Spending Priorities and Economic Reforms

Total expenditure remains higher than projected in the 2024 MTBPS, with significant allocations for:

  • Infrastructure: R1 trillion over three years, including R402 billion for transport, R219.2 billion for energy, and R156.3 billion for water and sanitation.
  • Social Grants: The old-age and disability grants increase by R130 to R2,315, while the child support grant rises by R30 to R560. The Social Relief of Distress (SRD) grant is extended to March 2026, costing R35.2 billion.
  • Public Sector Wages: An additional R23.4 billion is allocated to accommodate a wage agreement exceeding prior projections.
  • Security and Defence: R5 billion is set aside for South African National Defence Force (SANDF) operations, including peacekeeping in the Democratic Republic of Congo.
  • State-Owned Enterprises (SOEs): A R3.2 billion allocation supports the Gauteng Freeway Improvement Project, while Transnet and Eskom benefit from structural reforms and financial support.

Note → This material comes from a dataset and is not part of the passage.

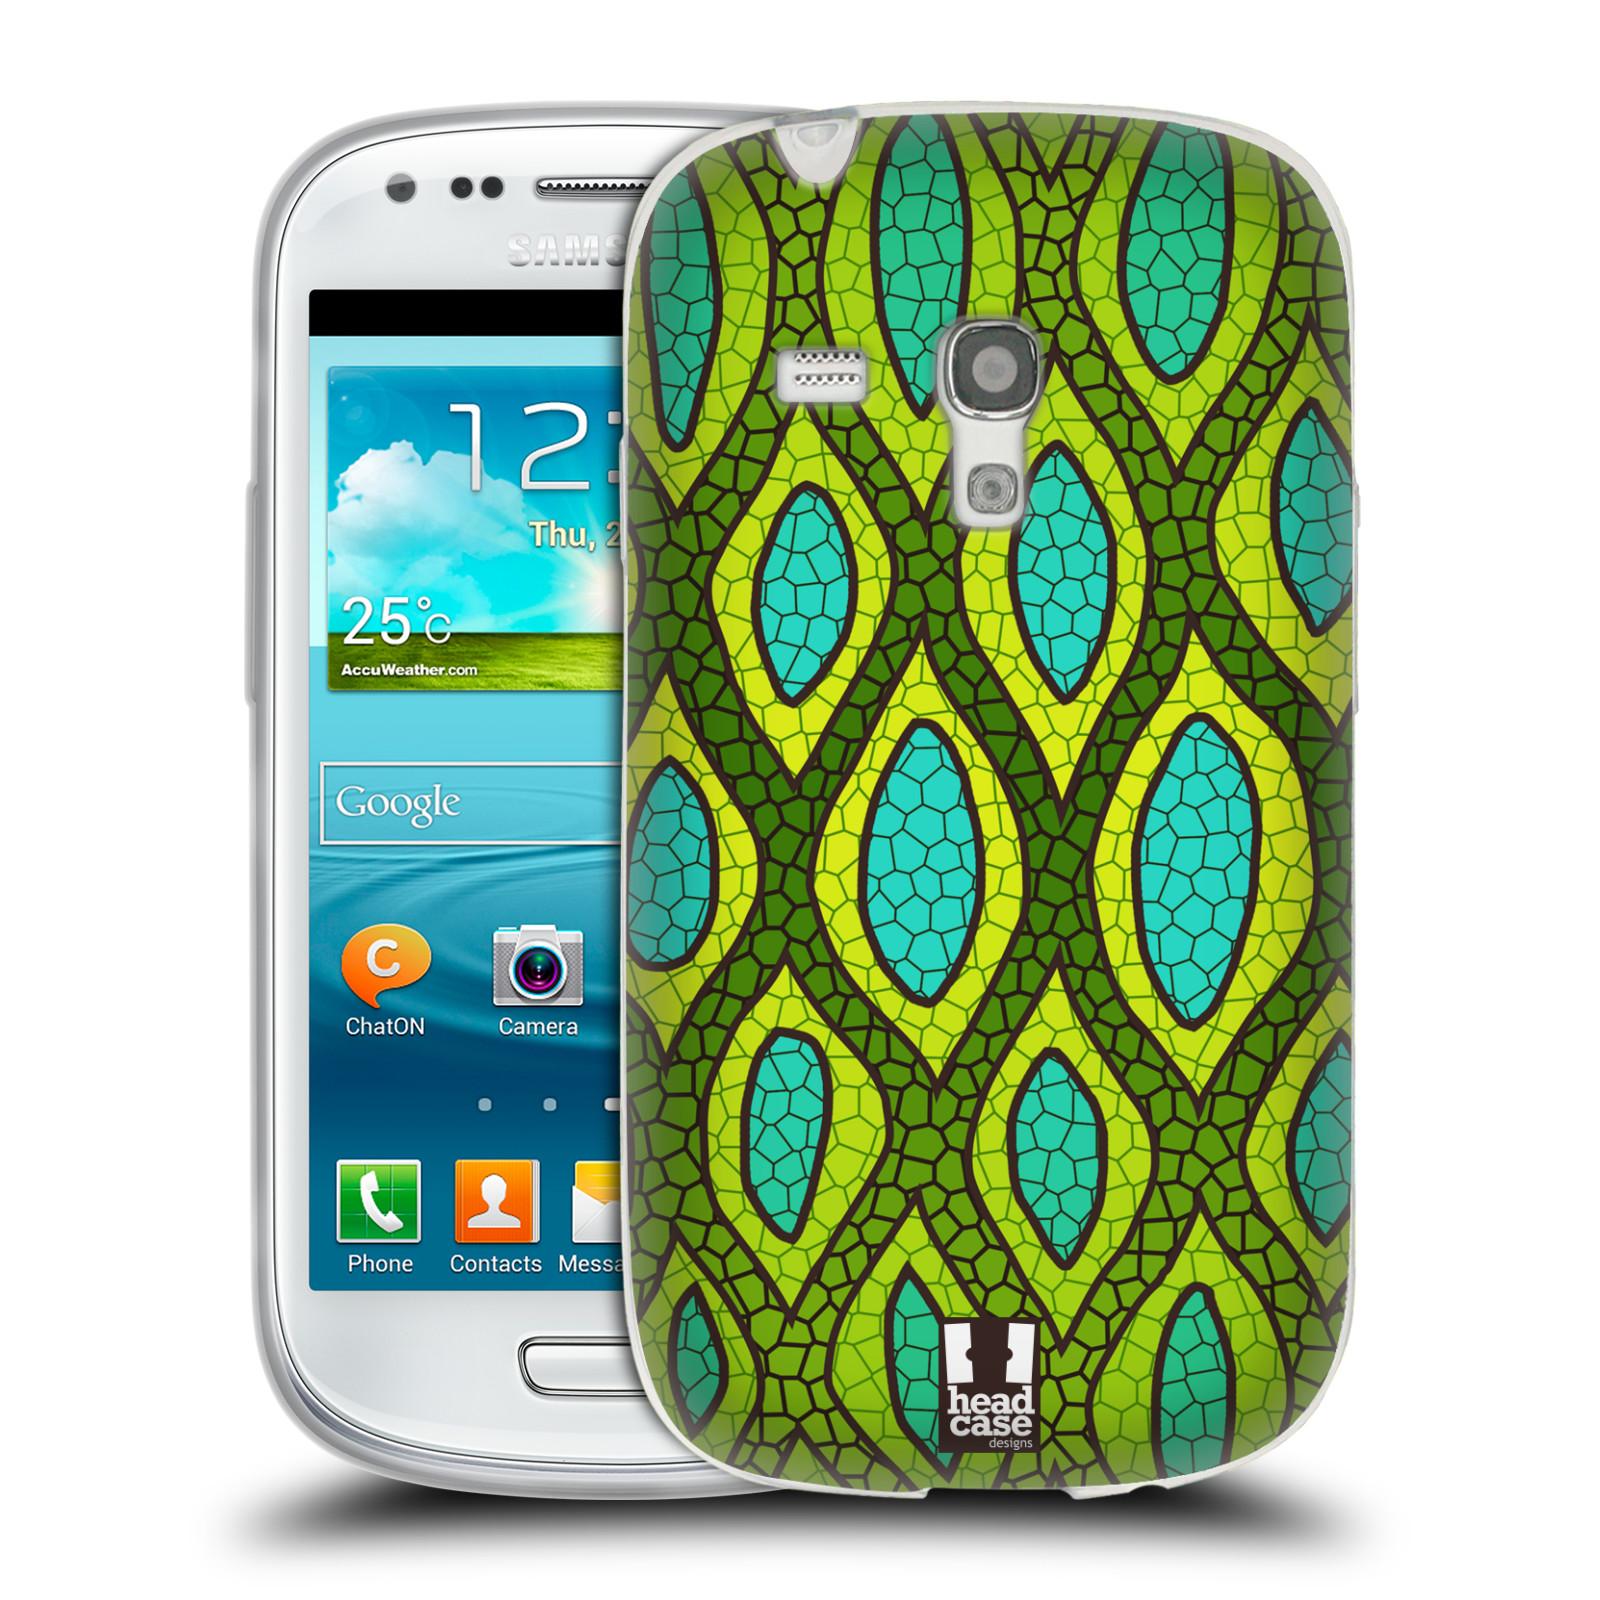 HEAD CASE silikonový obal na mobil Samsung Galaxy S3 MINI i8190 vzor Divočina zvíře 2 hadí kůže zelená
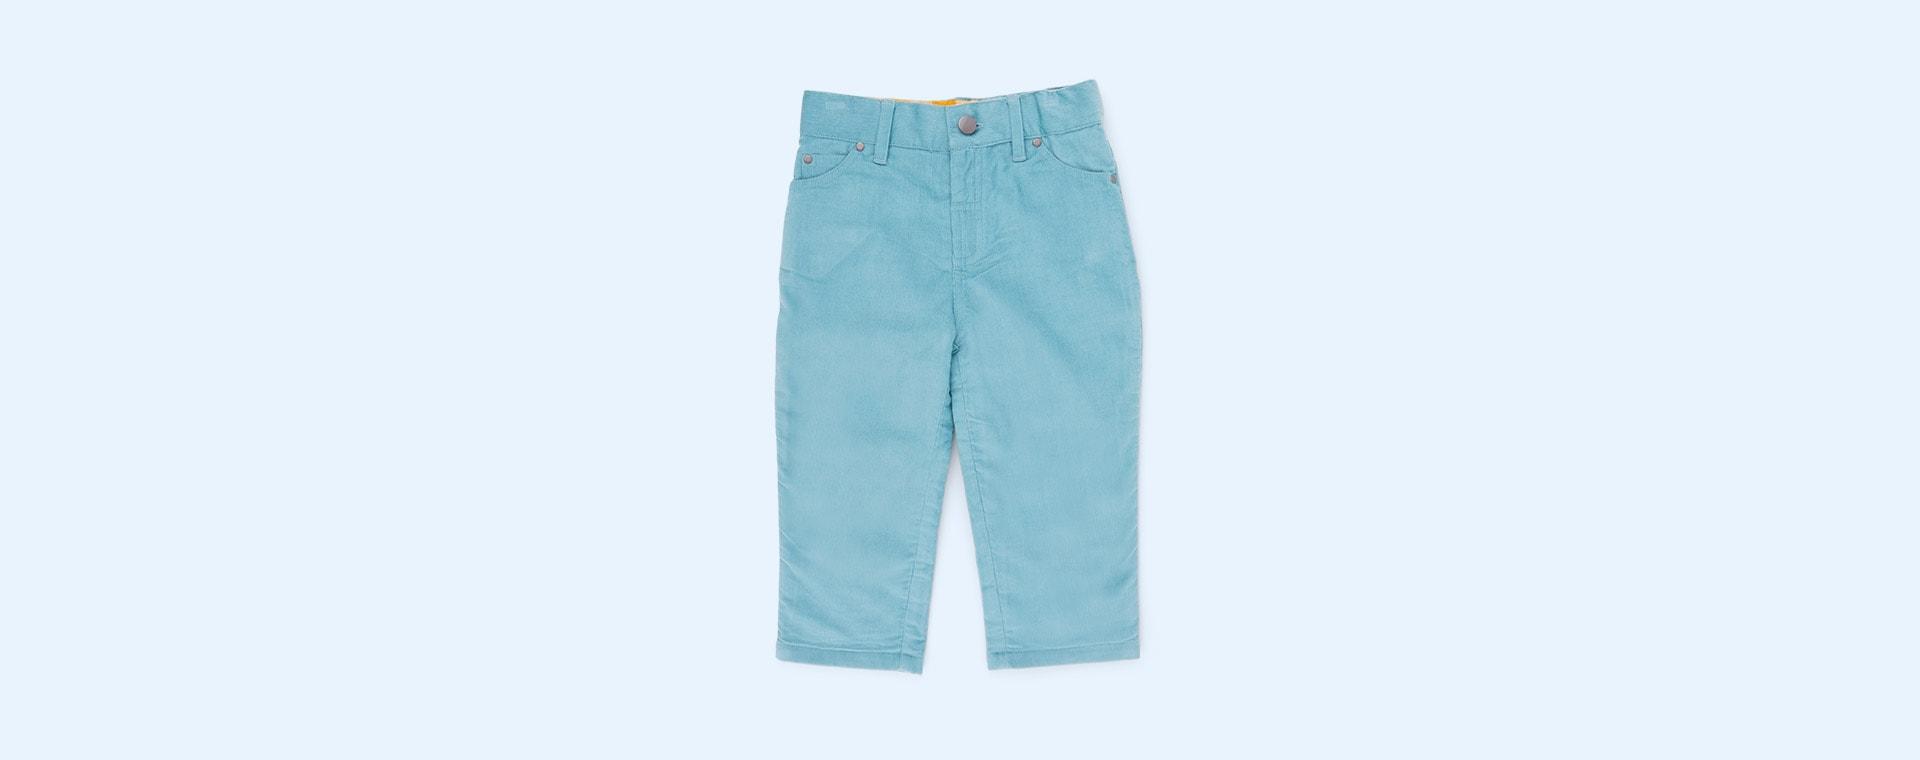 Blue Little Green Radicals Cord Adventure Jeans

Structural Reforms and Investment Strategy

The government remains committed to structural economic reforms through Operation Vulindlela, which has improved electricity supply, streamlined logistics, and enhanced digital communication. Key initiatives include:

  • Public-Private Partnerships (PPPs): New PPP regulations from June 2025 aim to attract private investment in infrastructure projects.
  • Energy Sector Reforms: A new Independent Transmission Programme will expand the electricity grid, enhancing energy security.
  • Infrastructure Financing: A credit guarantee vehicle, launching in 2026, will de-risk projects and mobilize private-sector capital.

The 2025 Budget reflects a carefully balanced approach, with measured tax increases, and sustained infrastructure investment. While challenges remain, particularly in revenue collection and economic growth, the government’s continued commitment to fiscal consolidation and reform sends a positive message to investors. We remain optimistic of a positive trajectory for South Africa’s economic future.